What is Business Analysis?
Hi, my name is Yves and I’m a Business Analyst, … hum so you are doing business intelligence things, nope I’m a business analyst … hum so you like a data analyst but for the business … nope I think you know where I want to go with those example. I’m a business analyst and every time I try to explain my job, I end up with a comparison to another one. So before telling you what a business analyst does let’s first try to understand what business analysis is.
According to the Babok (Business Analysis Body Of Knowledge) from the IIBA (International Institute of Business Analysis), business analysis is “ The practice of enabling change in an enterprise by defining needs and recommending solutions that deliver value to stakeholders”. This definition is the perfect summary of my work. The IIBA definition can be divided into four parts, defining needs, enabling change, recommending solutions, deliver value to stakeholders. Don Hussey the managing director of Norwalk Aberdeen analyzes that definition as follow.
Enabling Change: Most of the Business analyst work is on projects and regardless of their size, they change an organization.
Defining Needs: someone determines that the organization has a need.

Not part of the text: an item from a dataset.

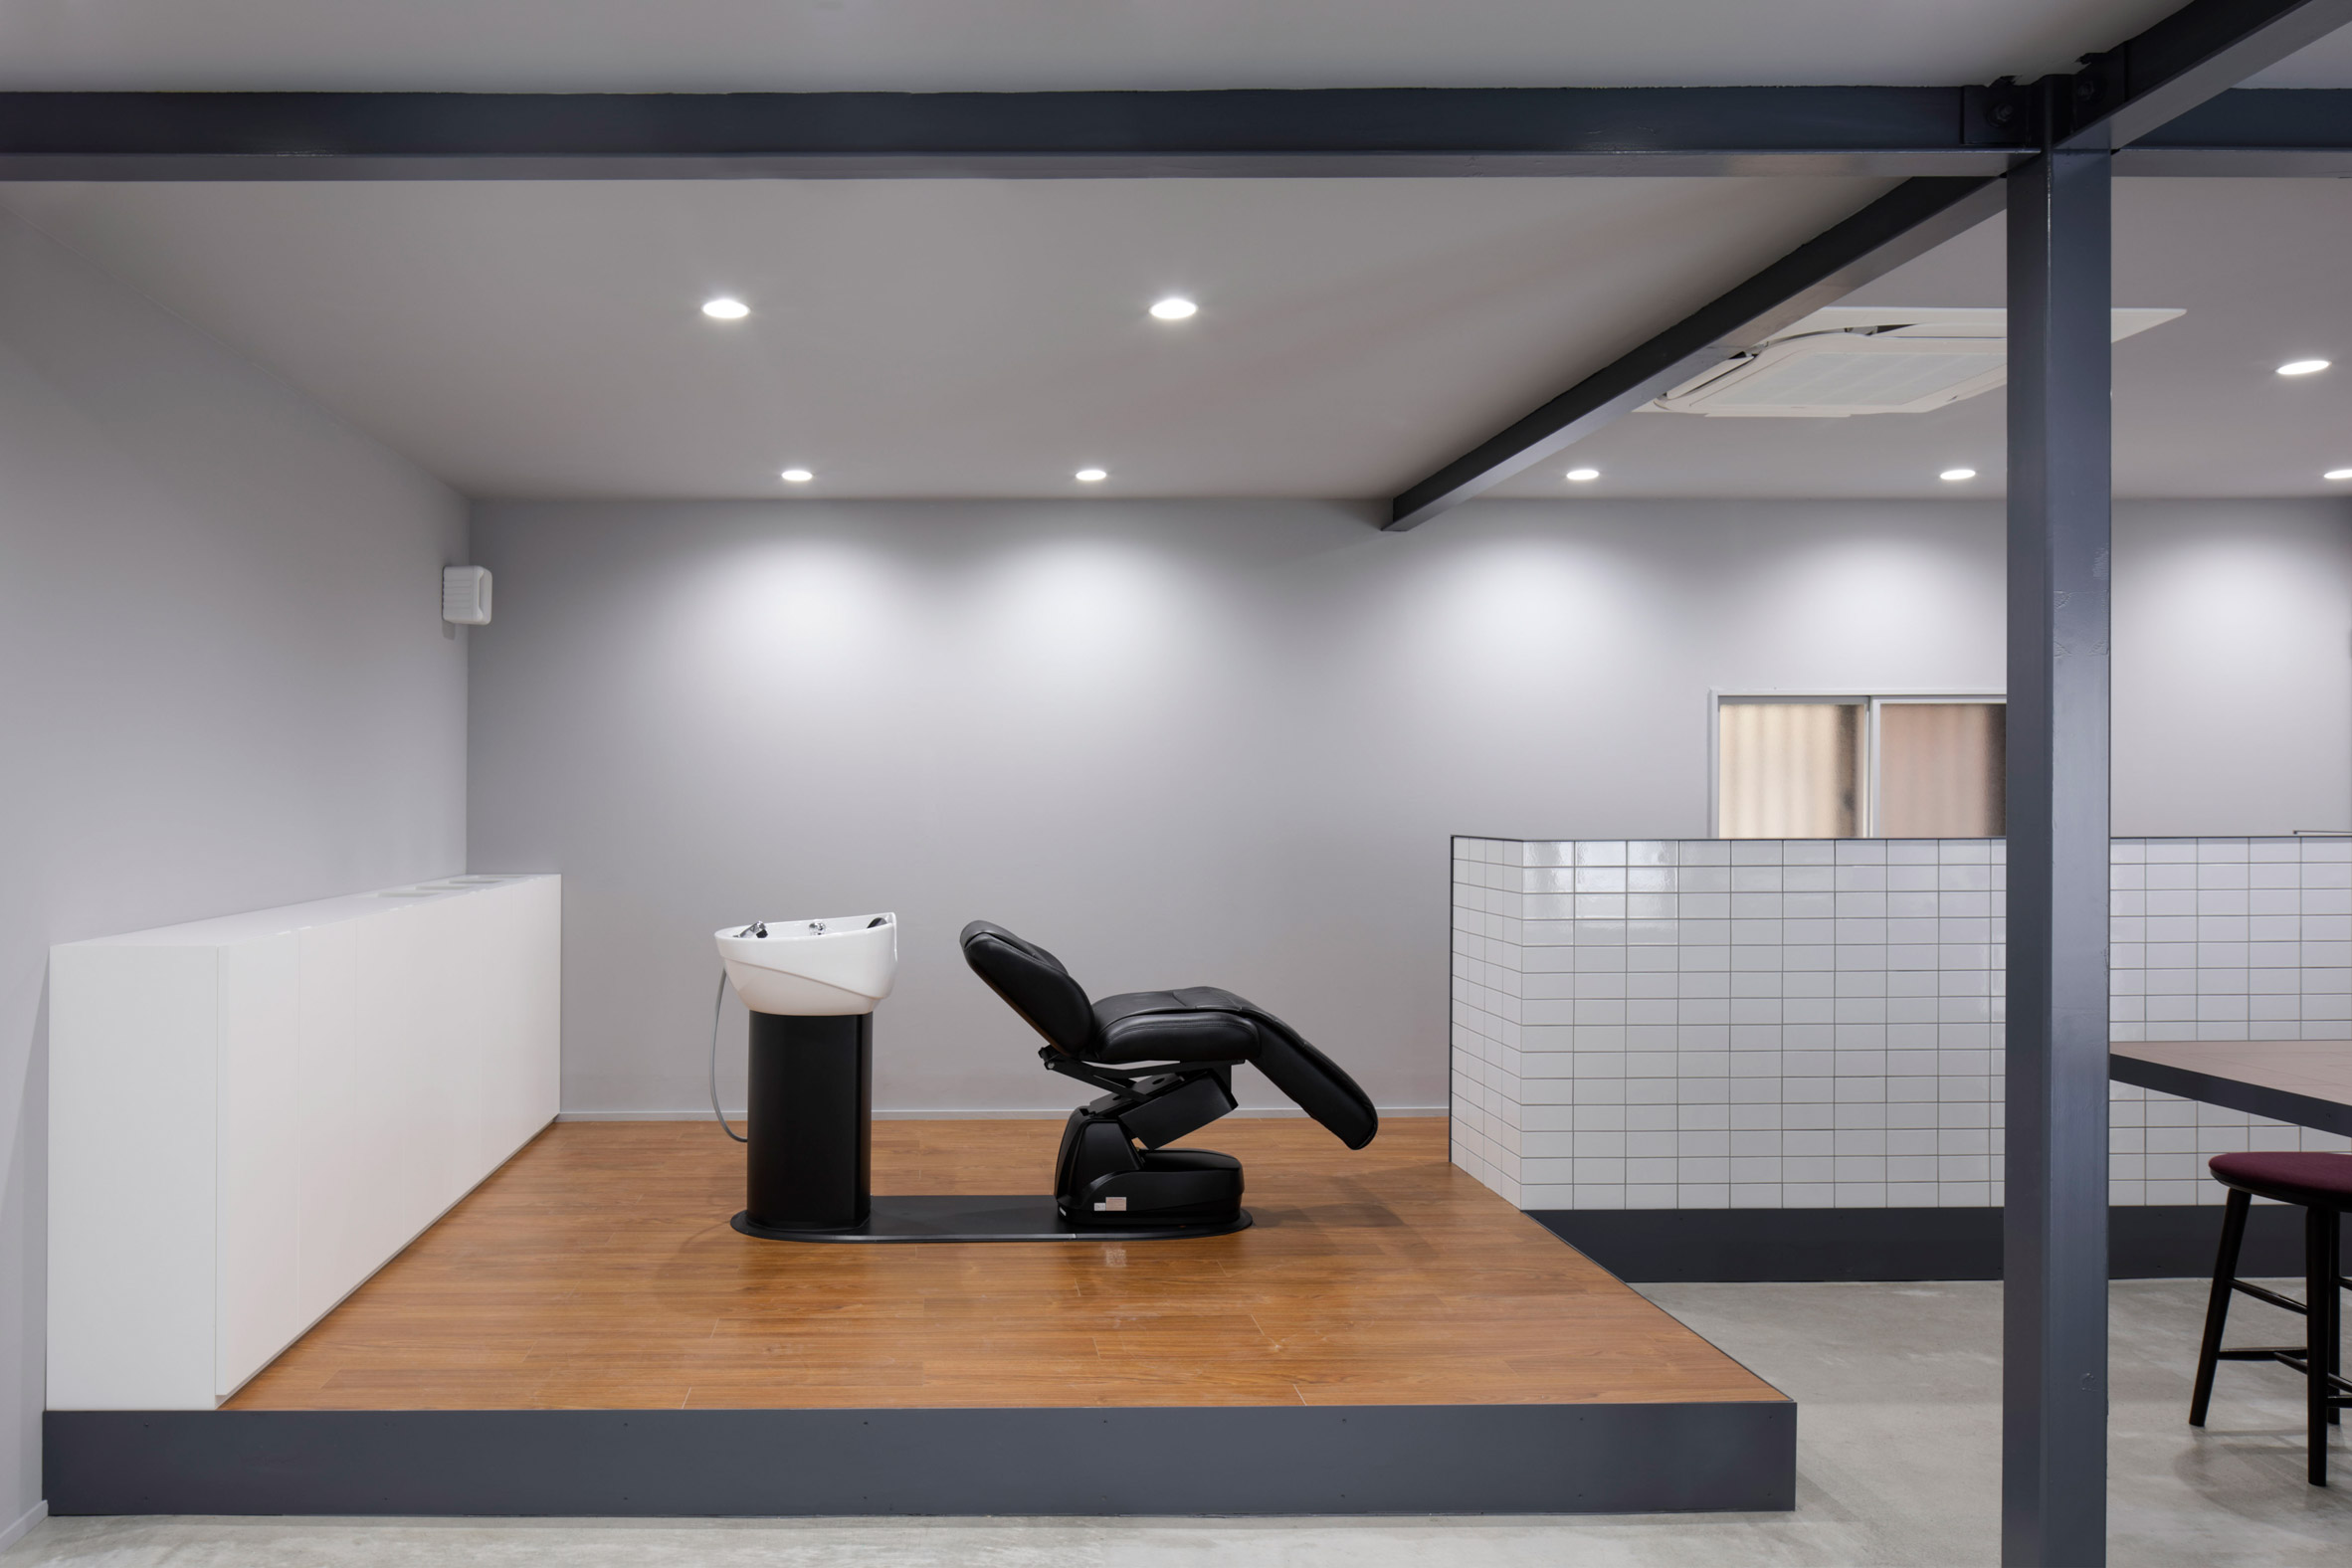 Hair salon in Japan by Hidenori Tsuboi Architects

The Business Analyst defines that need in detail and the organization addresses that need (trough a project).
Recommending solutions: Solutions can be systems, policies, training, business processes, or a system feature.

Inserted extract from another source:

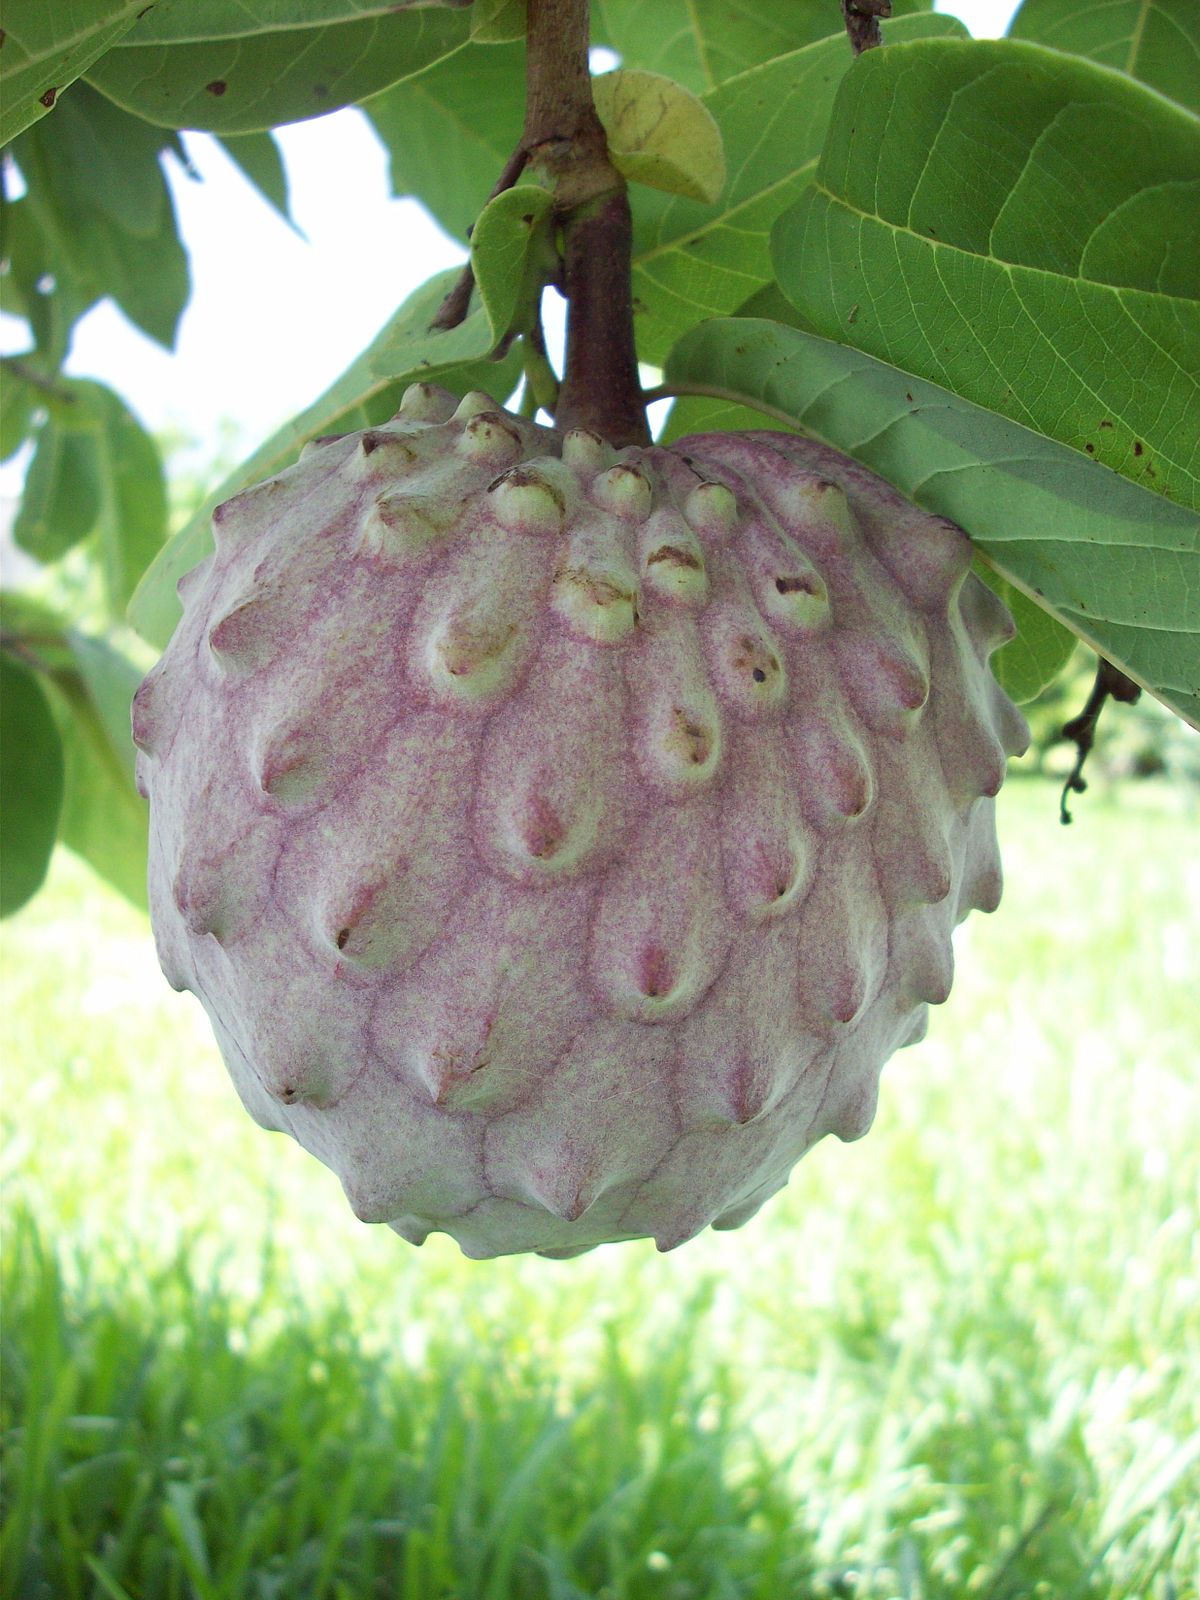 Fruit - Wikipedia

deliver value to stakeholders: The stakeholders can be the Management, regulators, customers, logistics, any department within the company, etc.
Now that you have a broader view of what business analysis is, maybe in the past you’ve done similar things for your company without having the title of Business Analyst. You are right because a Business Analyst is any person who performs business analysis tasks described in the Babok. The Business Analyst elicits the needs of the stakeholders with many activities like understanding the company problems, analyzing the needs, recommending solutions, driving the change, etc. Within an enterprise, several people can therefore perform business analysis. From the system analyst to the product manager, thought the data analyst, the product owner, the management consultant, to name but a few.
The value proposition of business analysis resides in the definition of the IIBA. Let’s say we are Company X and Company X does not enable change to stay ahead of the competition, the company will lose market share, customers, revenues. Company X does not define its needs. How the company will know what direction to take if the company does not know what its needs are? Every decision can be the wrong decision if there is no clear direction. If the solution recommended does not meet the needs define, well the solution can be incomplete or a wrong solution. And finally, if the solution delivers no value to the stakeholders, Company X has lost time, money, and resources designing a solution with no value for the stakeholders. The value of Business Analysis is to make sure that Company X or any other company do not end up that way. Business analysis is the safeguard of changes for company in the era we live in.